_Data excerpt_
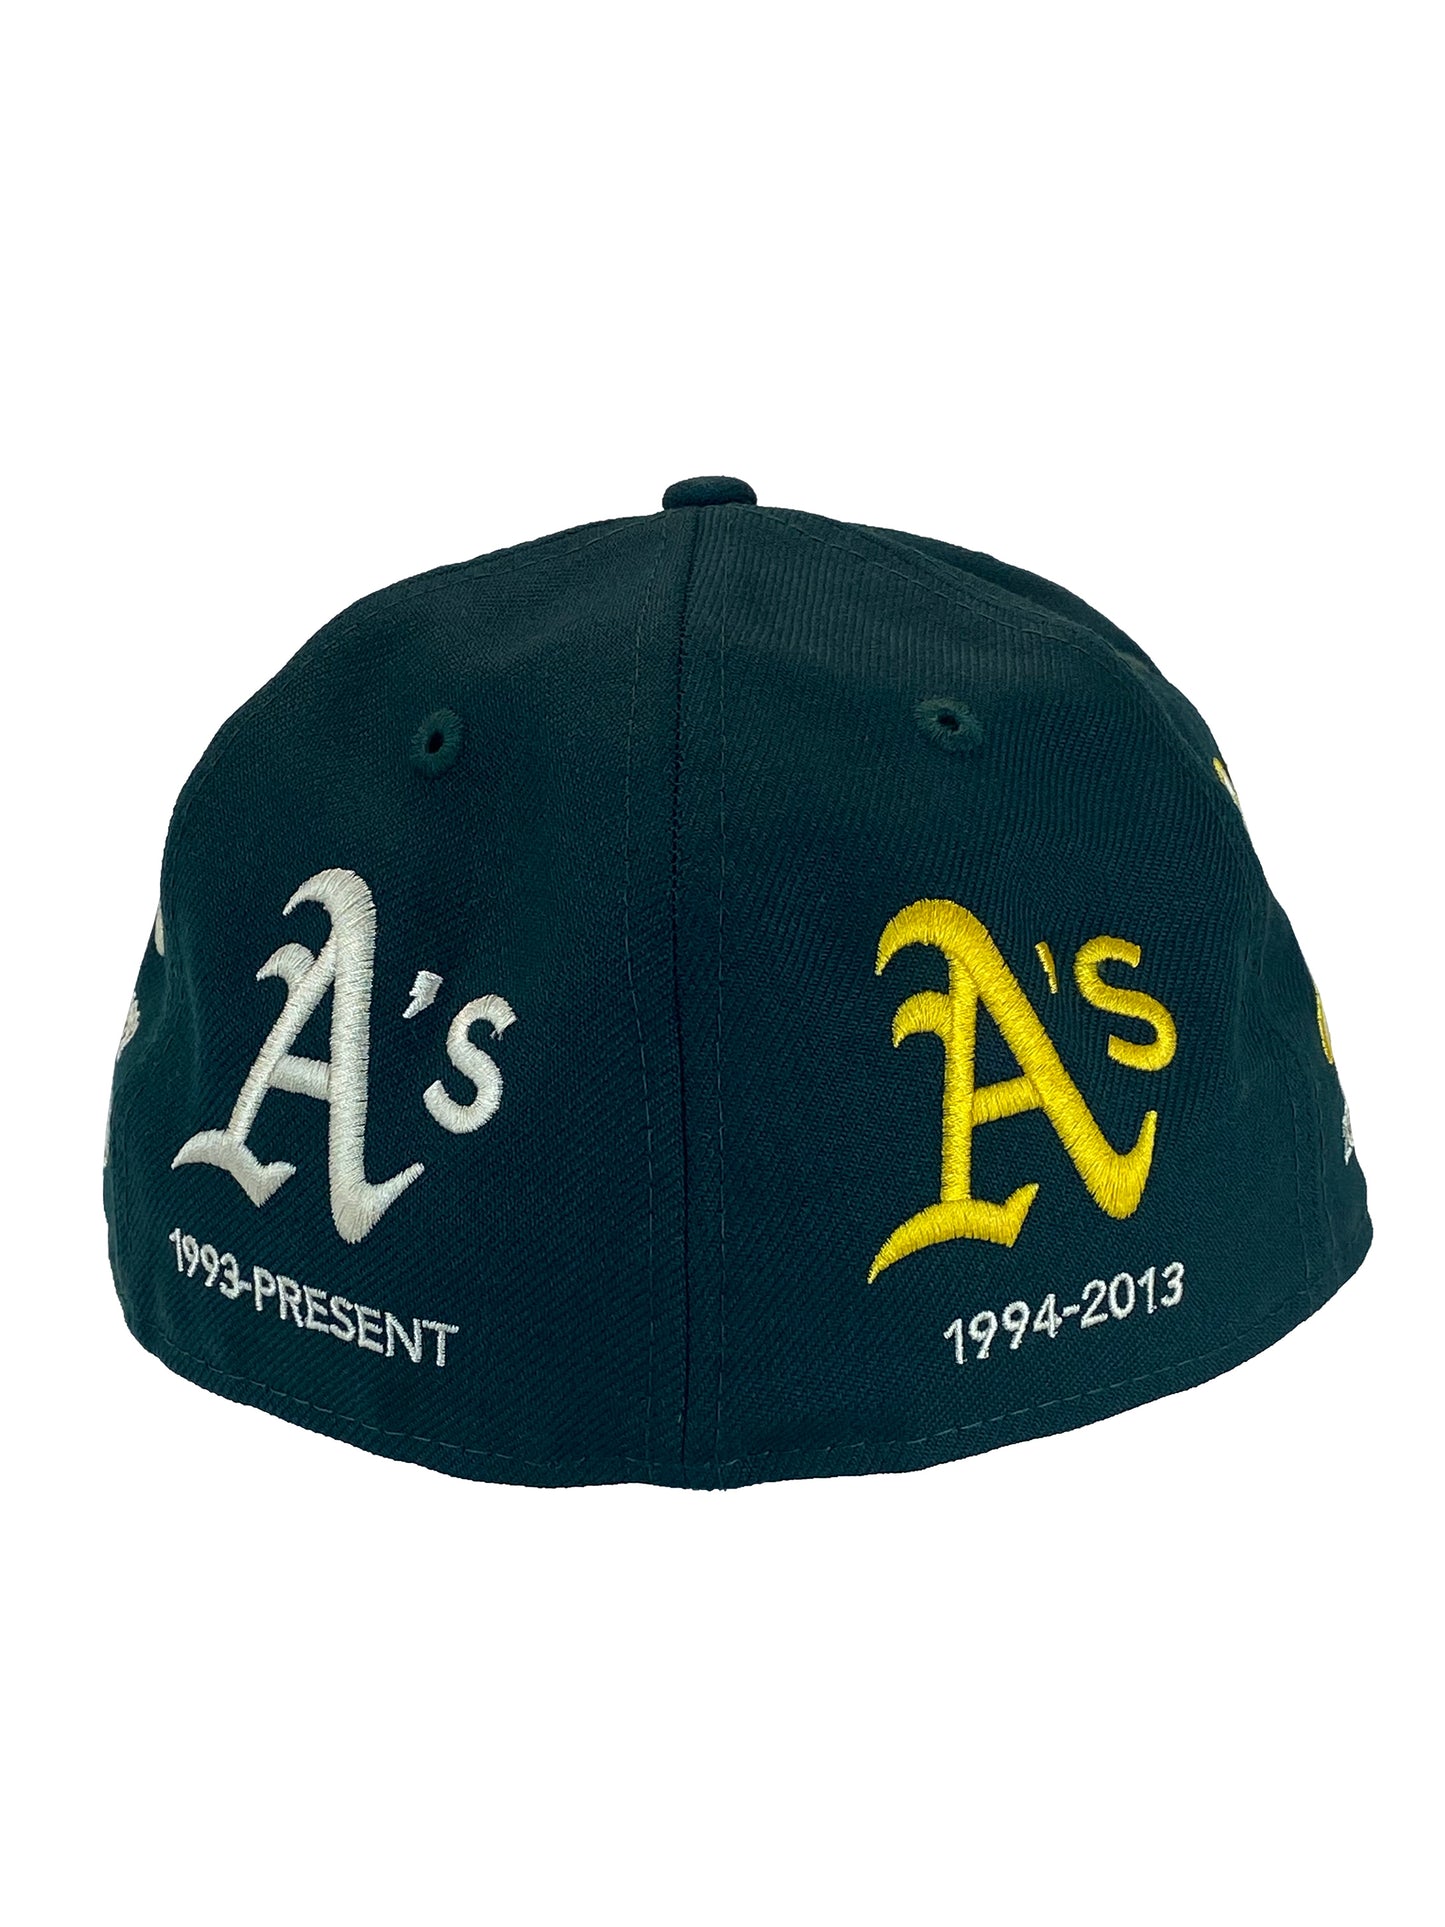 OAKLAND ATHLETICS LIFE QUARTER 59FIFTY FITTED
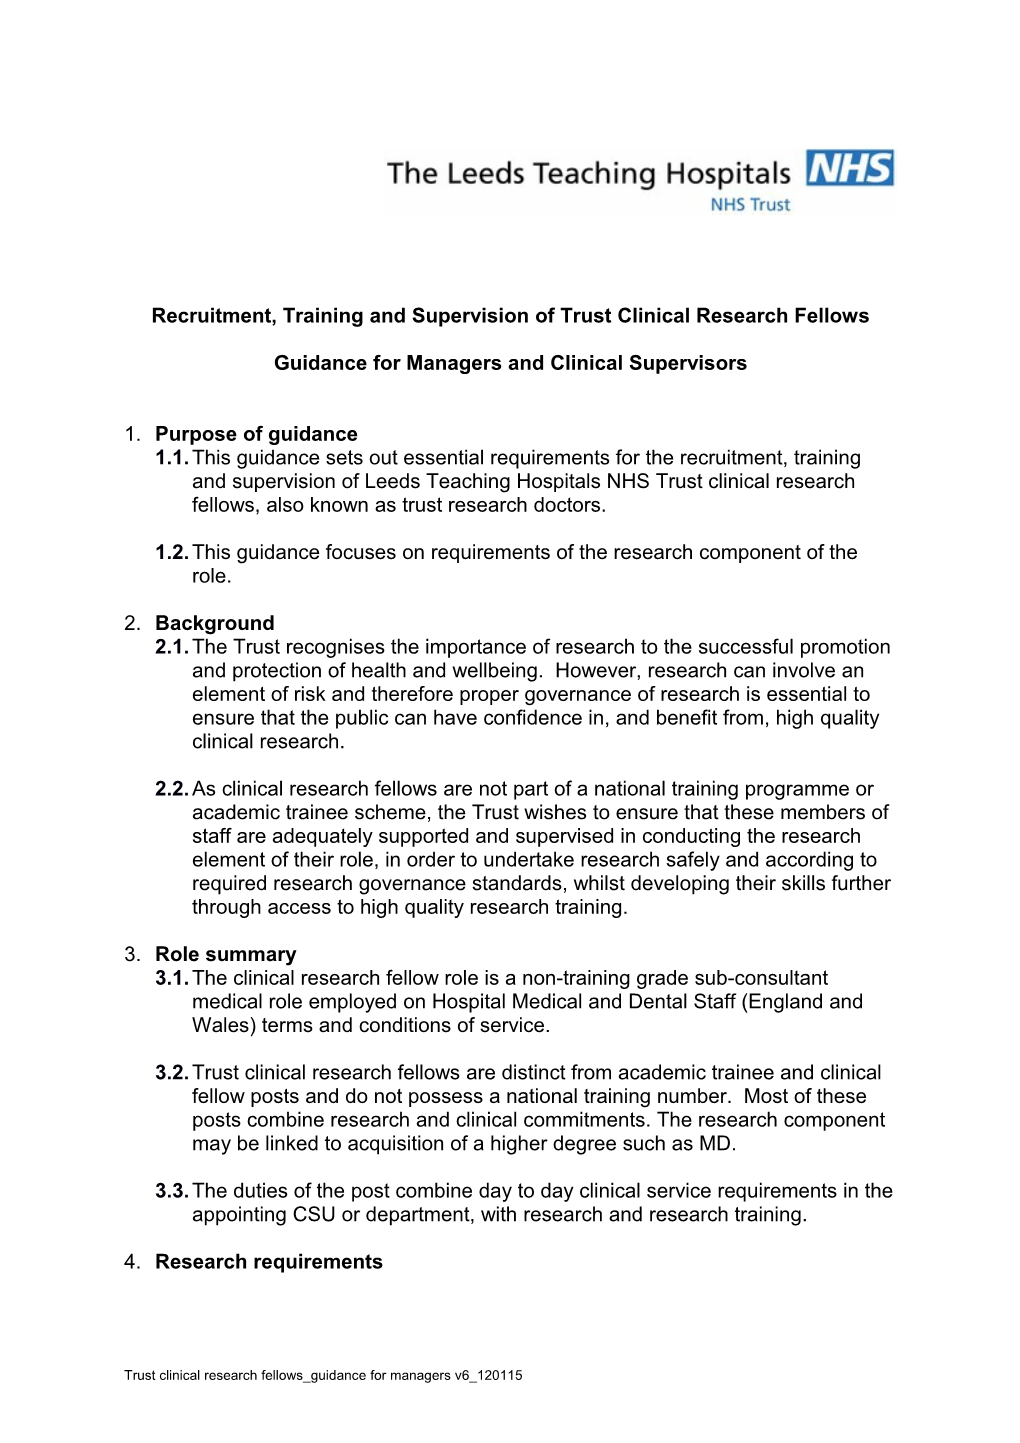 Recruitment, Training and Supervision of Trust Clinical Research Fellows
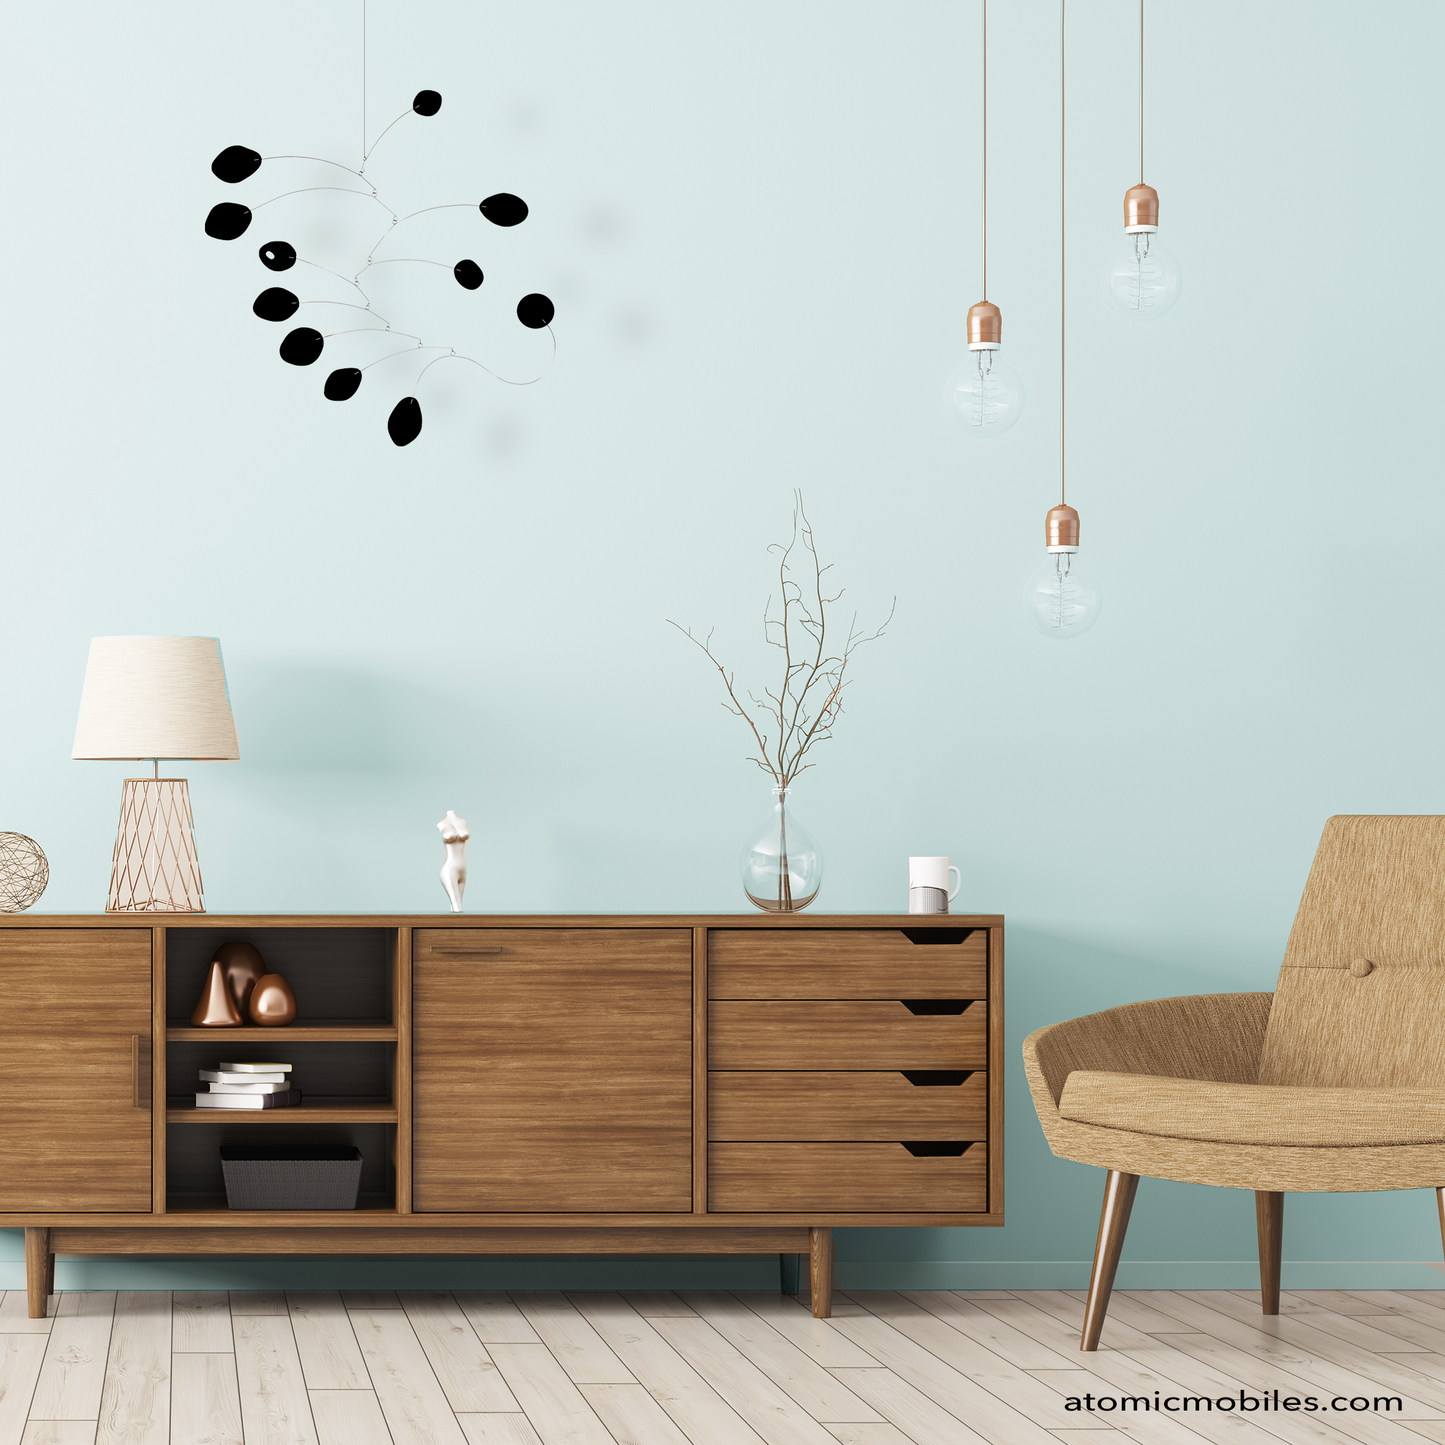 Beautiful mid century modern room with wood credenza sideboard, mcm chair, and all black MCM hanging art mobile by AtomicMobiles.com

_What is required_
Leave out the images and copy all remaining data word for word.

_Response area_
 OAKLAND ATHLETICS LIFE QUARTER 59FIFTY FITTED
 Recruitment, Training and Supervision of Trust Clinical Research Fellows
 Beautiful mid century modern room with wood credenza sideboard, mcm chair, and all black MCM hanging art mobile by AtomicMobiles.com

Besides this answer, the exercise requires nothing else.